* [Supplied data]:
# # #

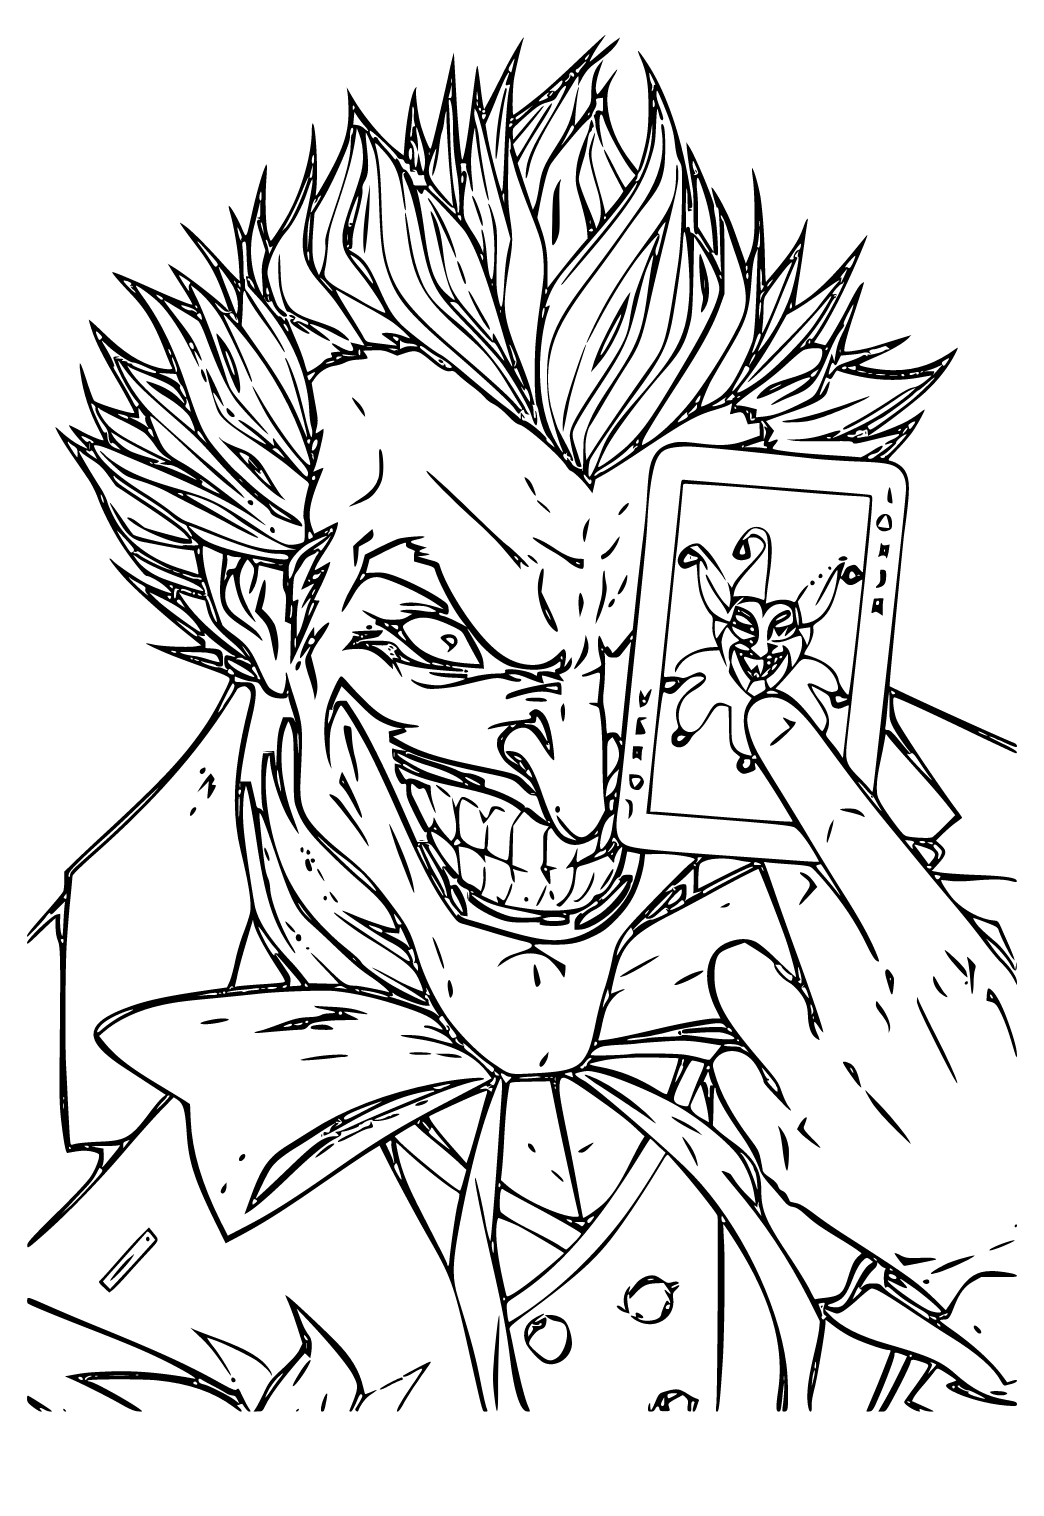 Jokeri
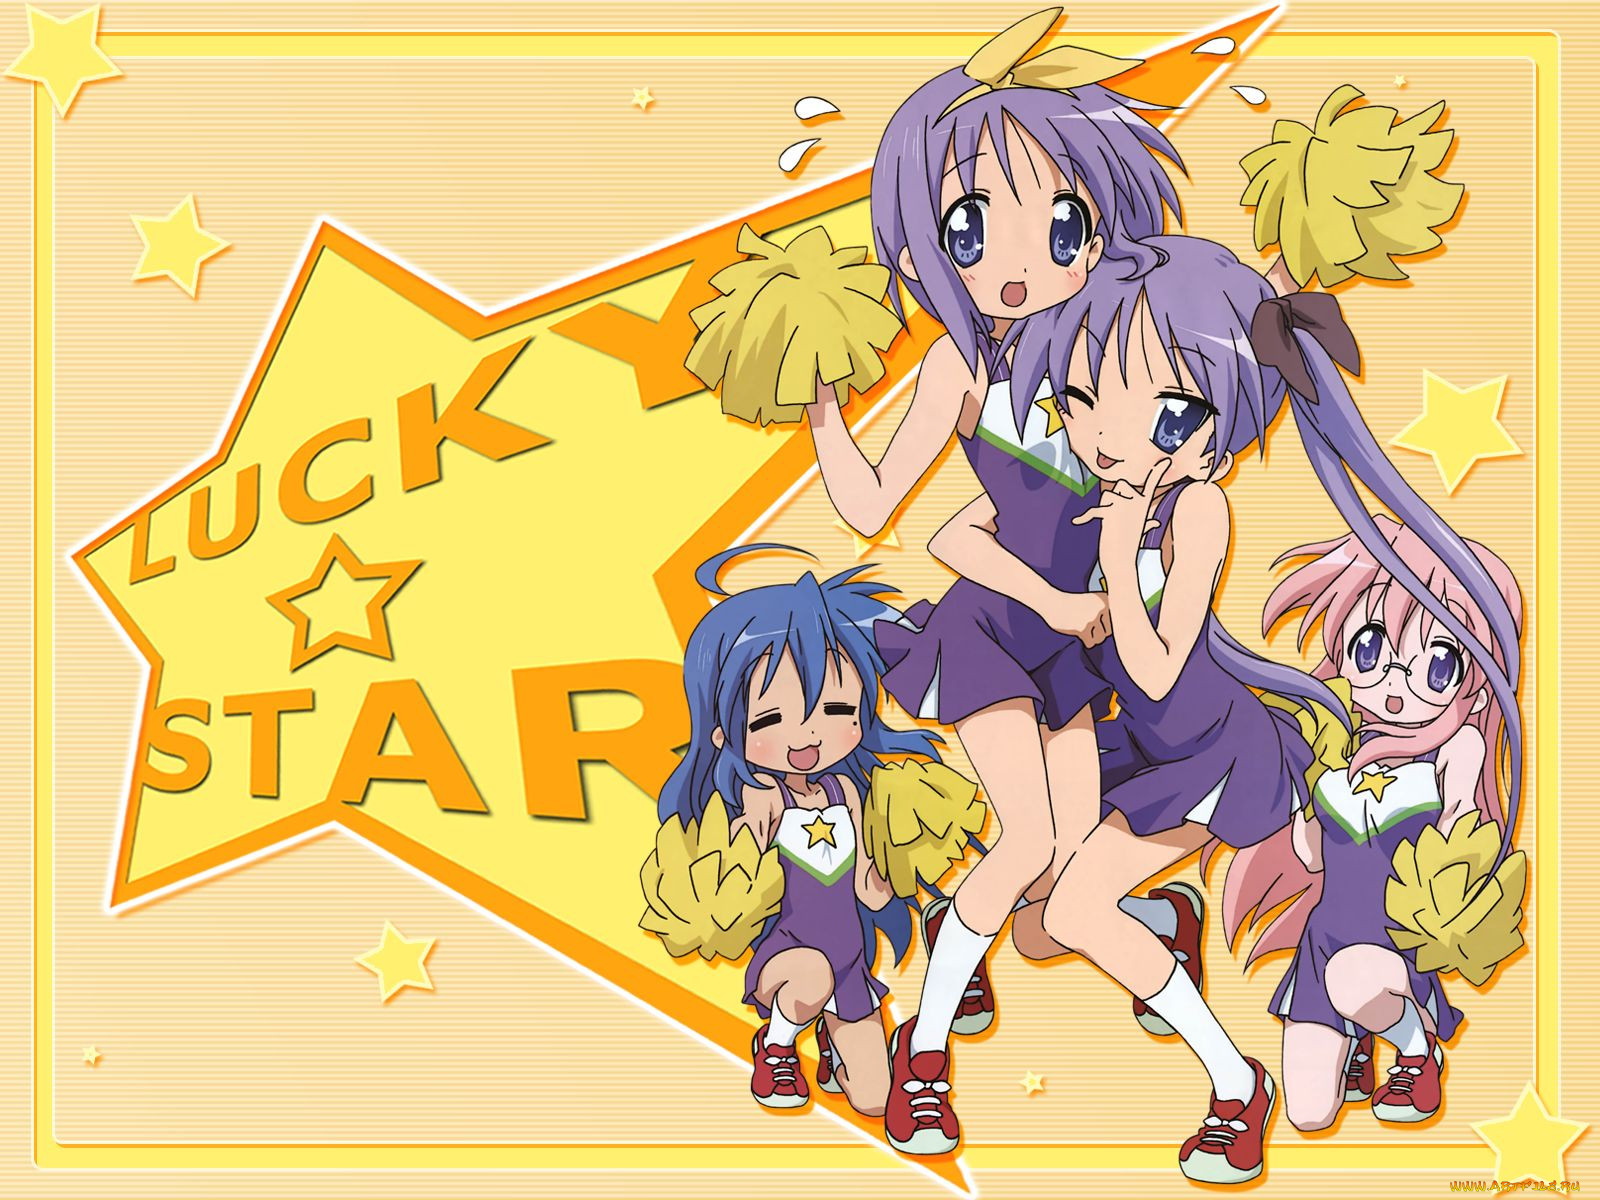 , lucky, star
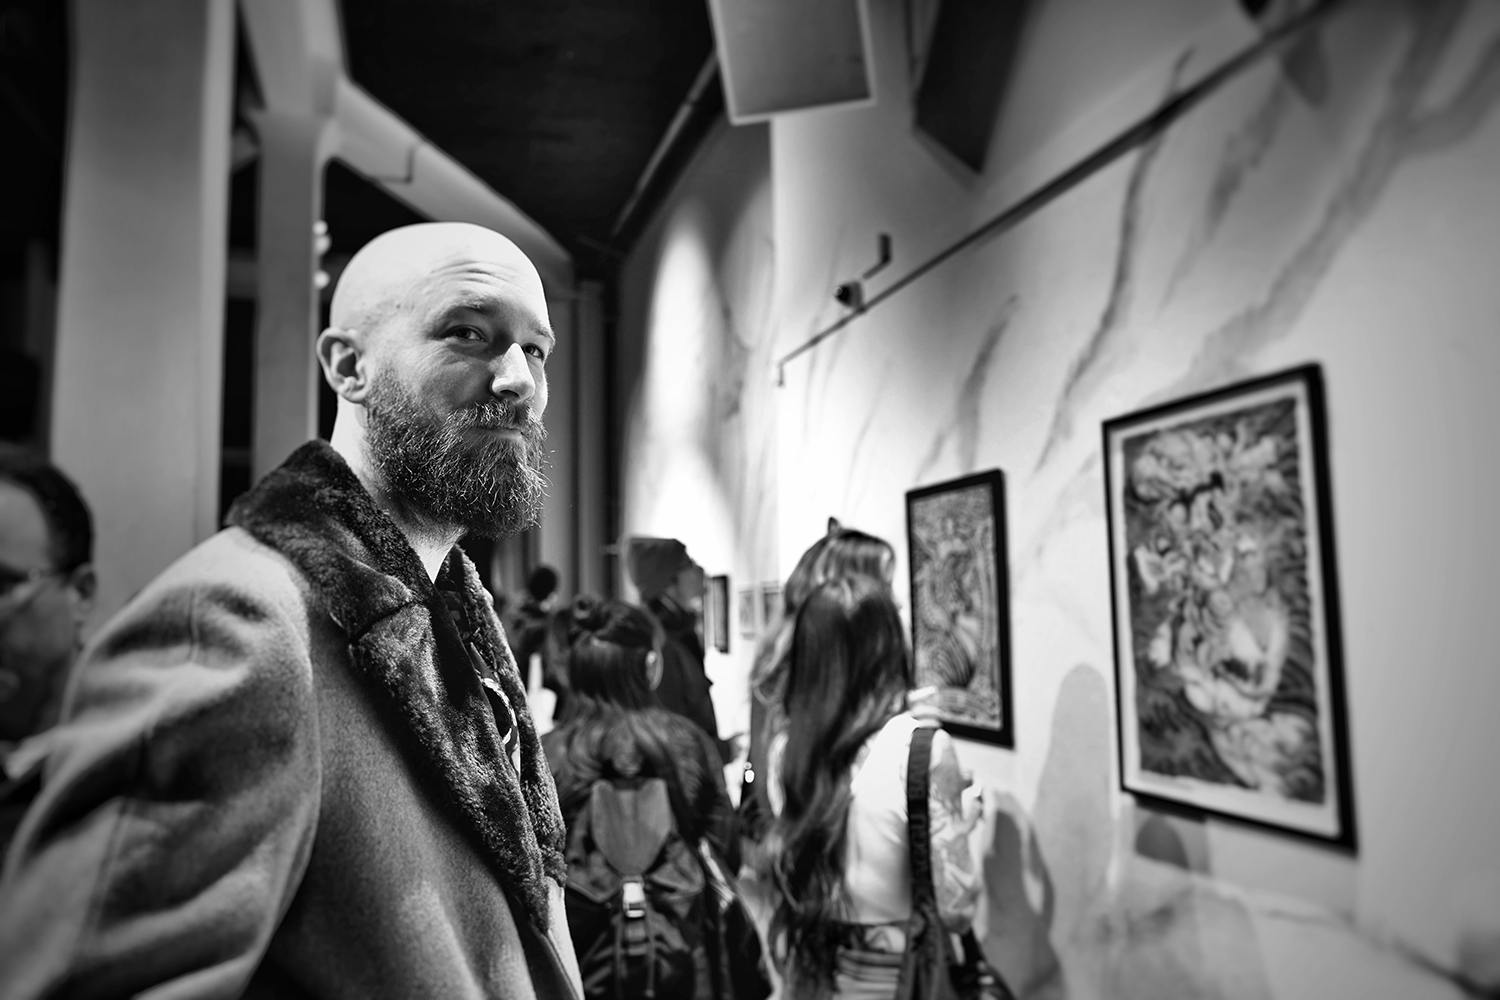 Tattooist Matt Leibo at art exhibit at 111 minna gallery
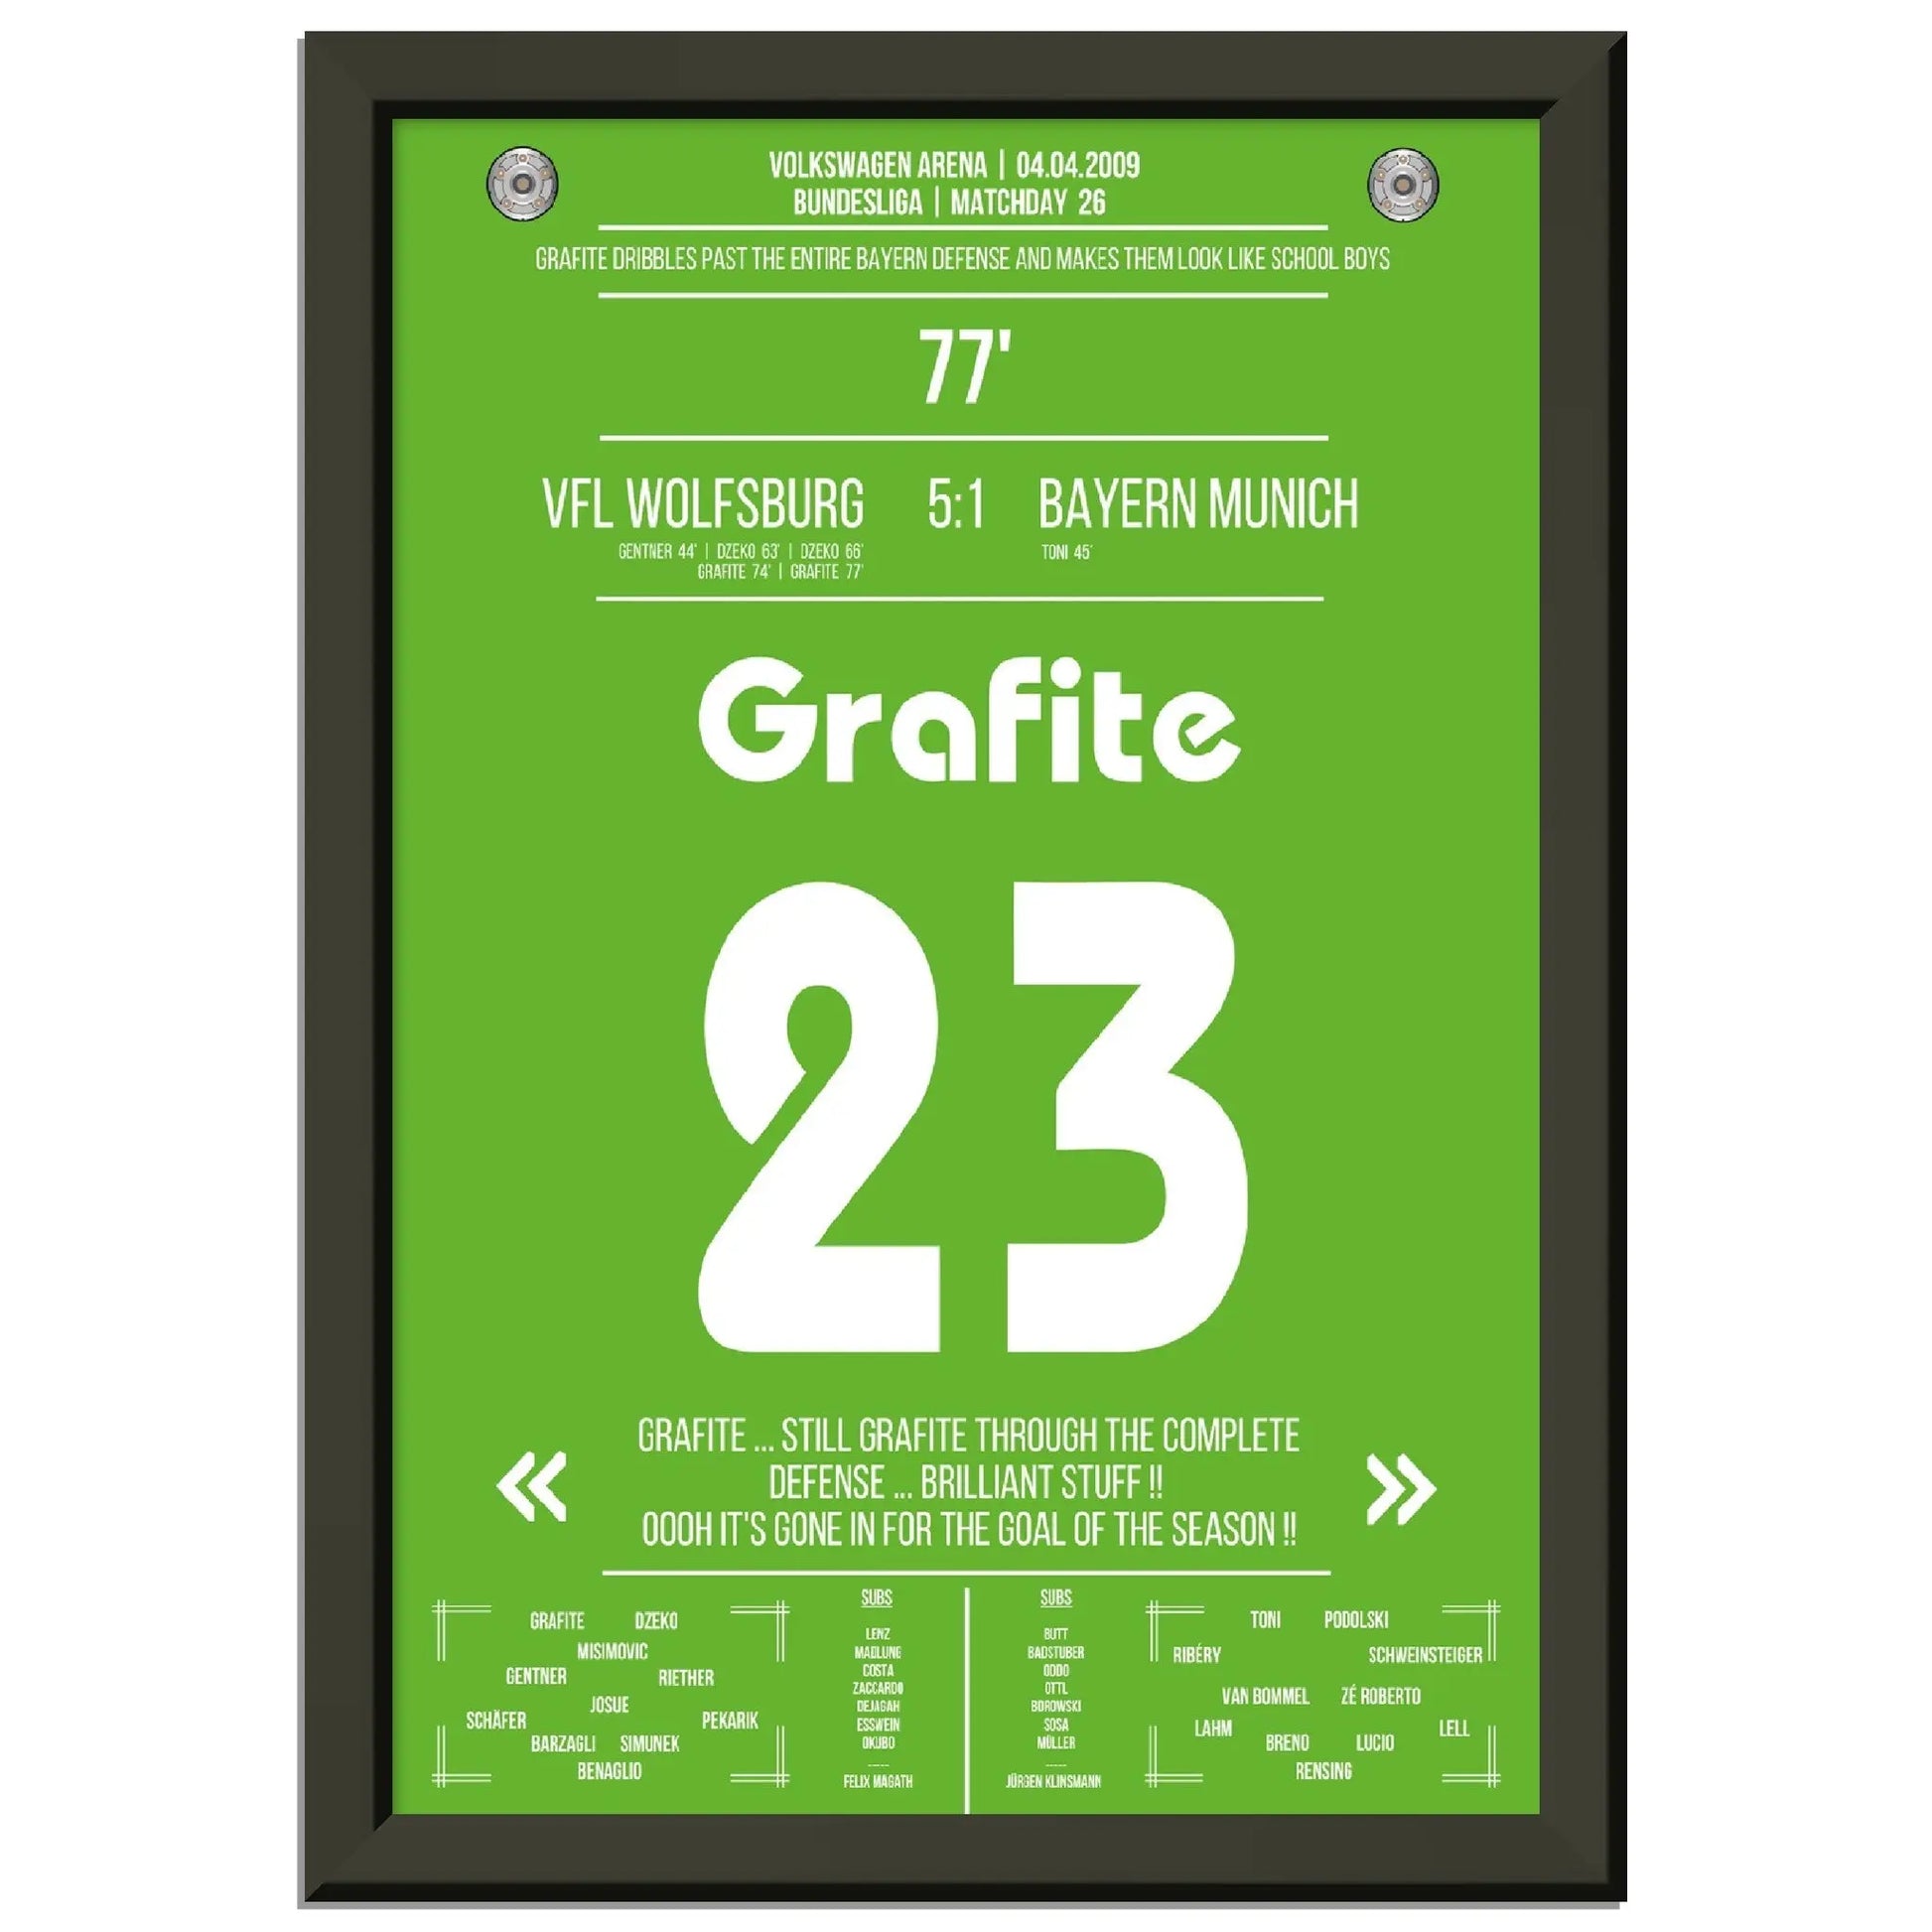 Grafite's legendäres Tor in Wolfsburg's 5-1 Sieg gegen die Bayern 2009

# # #

* [Task to complete]: Exactly repeat only the lines from the one with "Tattooist Matt Leibo" to the closing line above, both included, and omit every picture.

* [Exercise solution]:
 Tattooist Matt Leibo at art exhibit at 111 minna gallery
 Grafite's legendäres Tor in Wolfsburg's 5-1 Sieg gegen die Bayern 2009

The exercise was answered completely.